*Exercise aim*: Reproduce word for word every line from the one containing "EthicalFashion_MichiganFashionProto" through the end of the listing below; omit the pictures.

*Given material*:

= = =

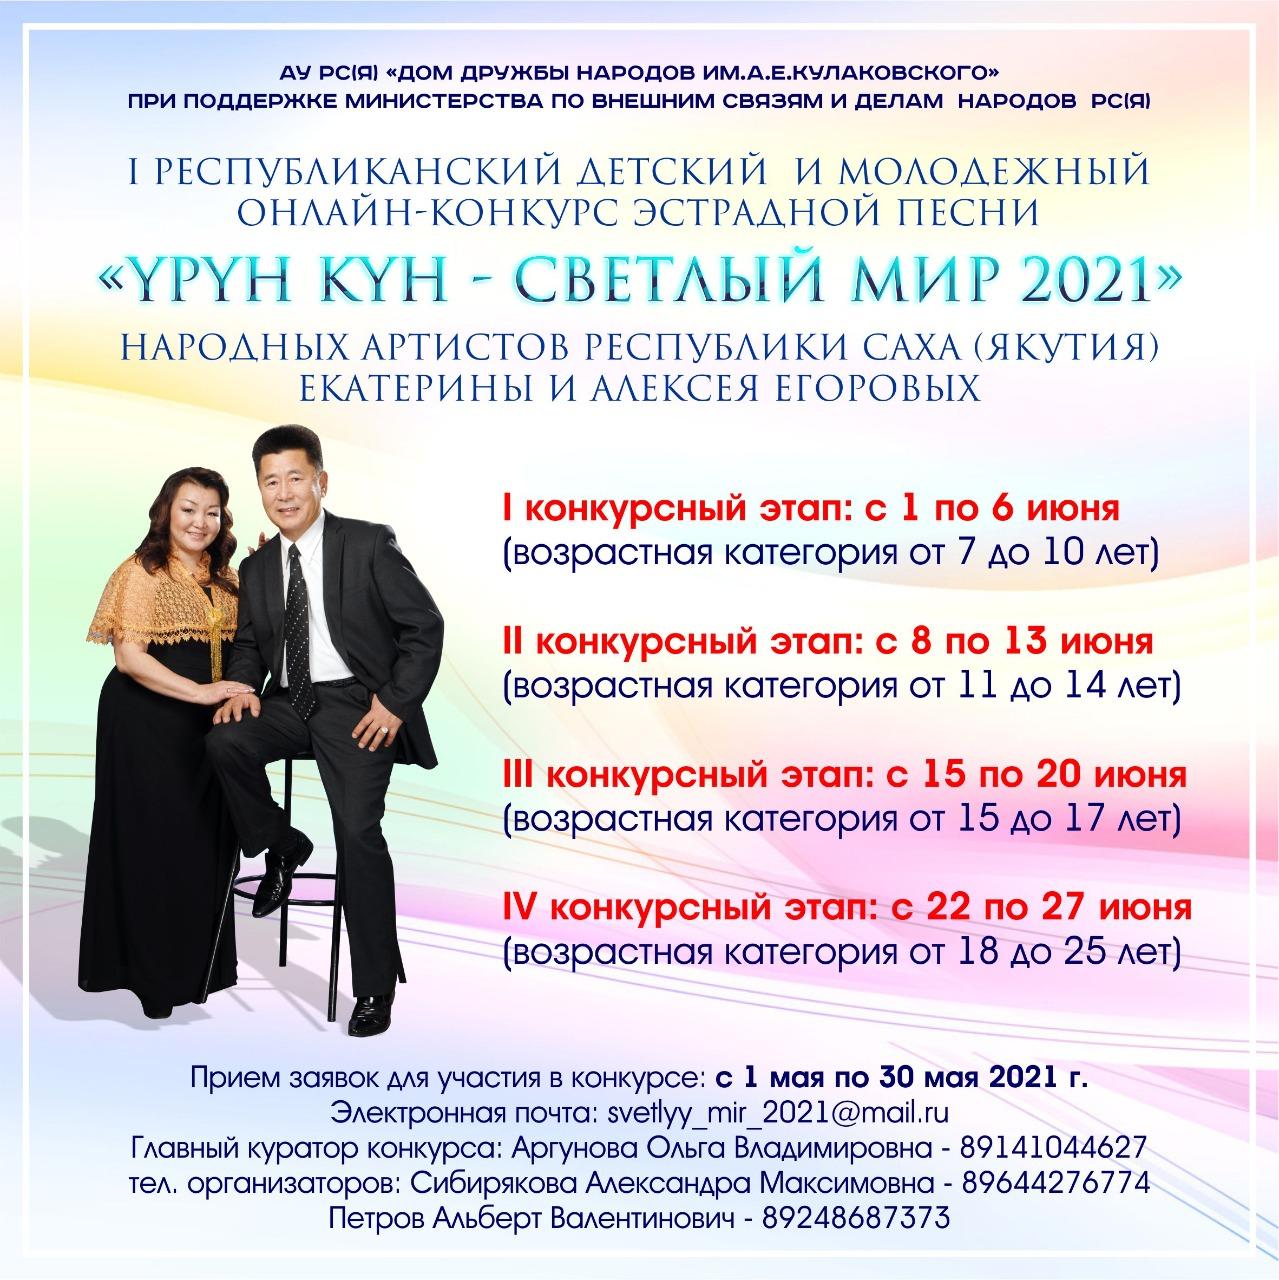 Народные артисты Якутии Екатерина, Алексей Егоровы объявили о конкурсе
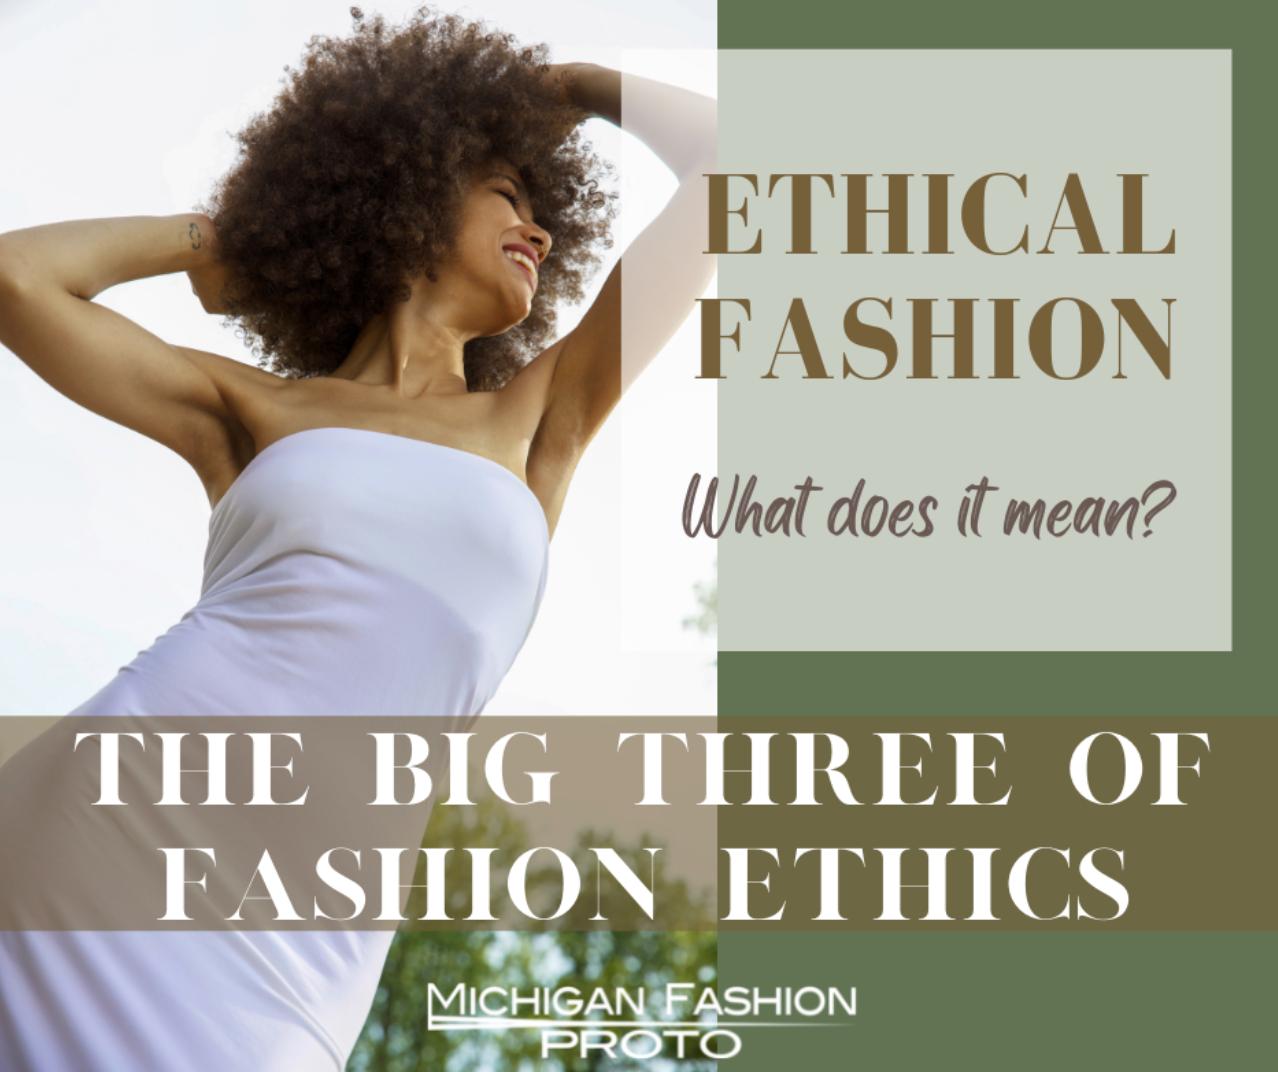 EthicalFashion_MichiganFashionProto
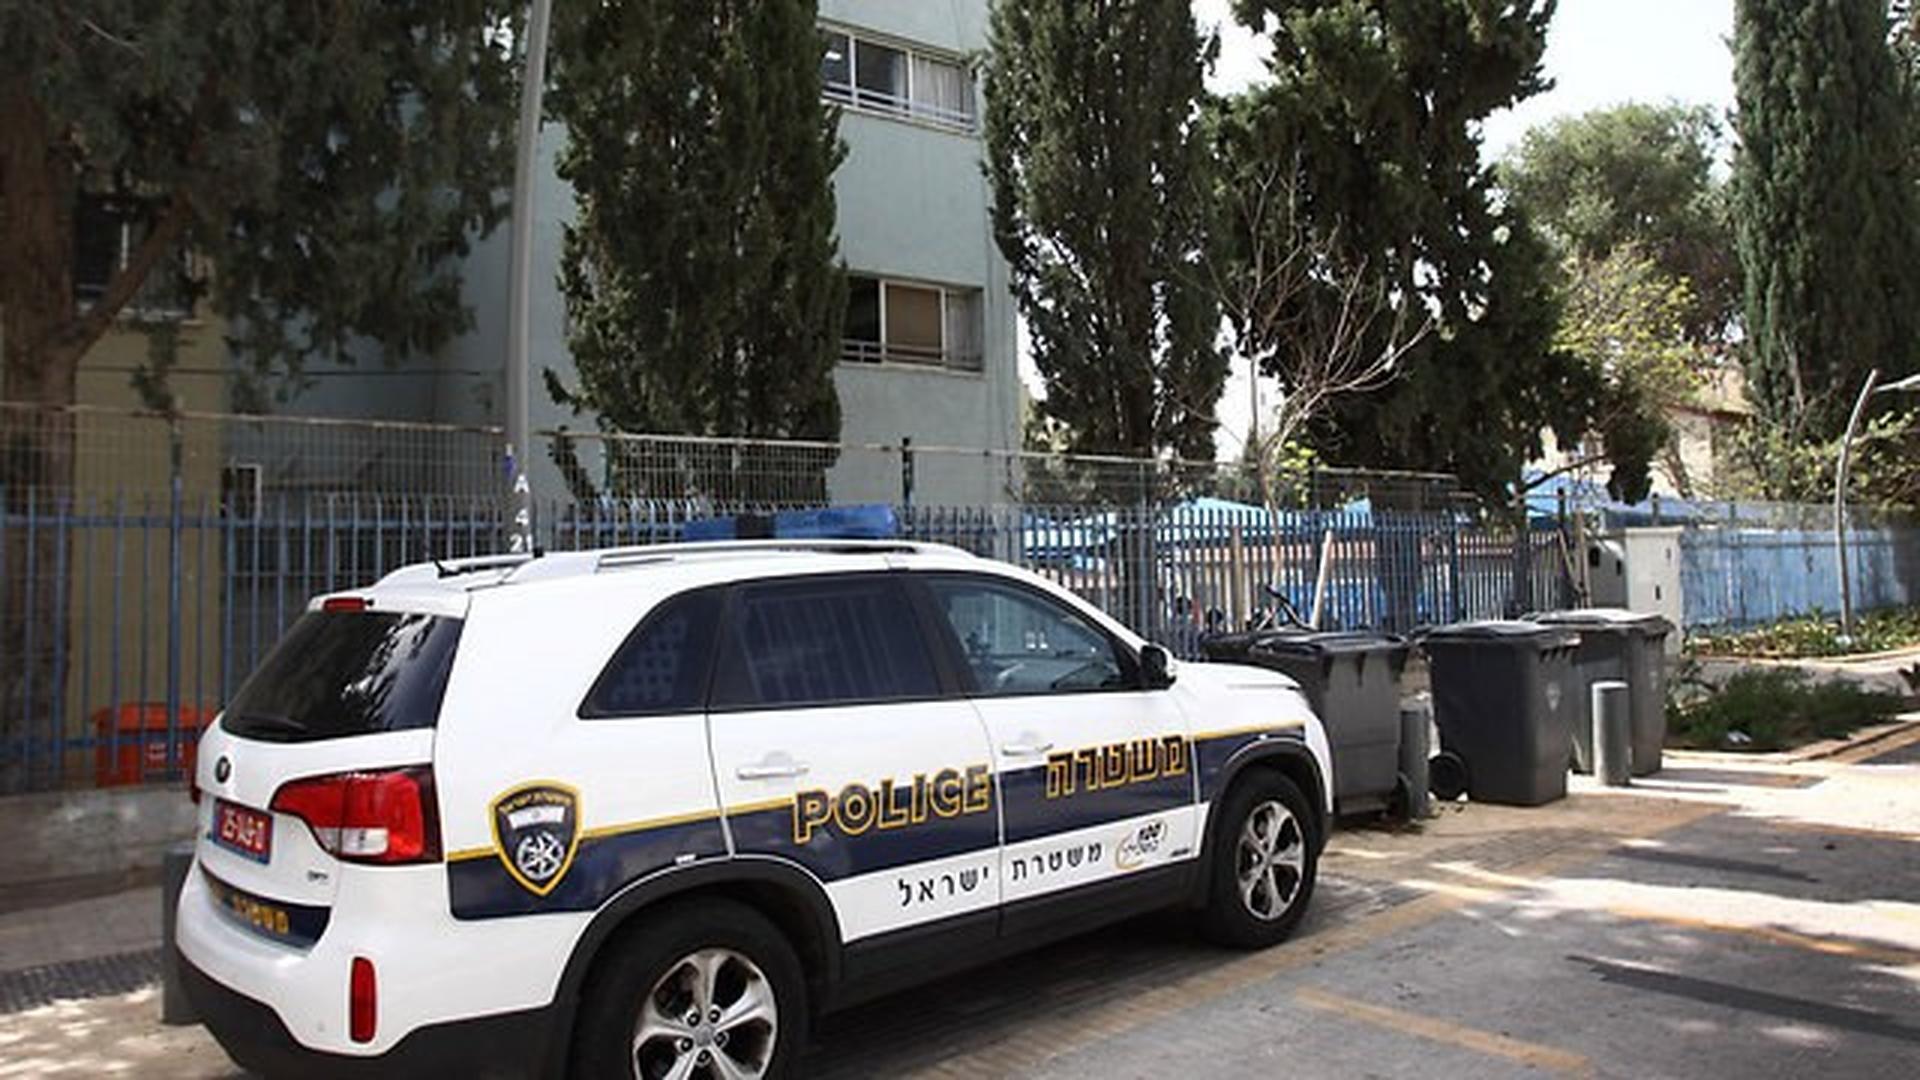 נתפסו חמישה חשודים בשעת מעשה | המחשה: אבי מועלם

= = =

*Worked solution*:
 EthicalFashion_MichiganFashionProto
 נתפסו חמישה חשודים בשעת מעשה | המחשה: אבי מועלם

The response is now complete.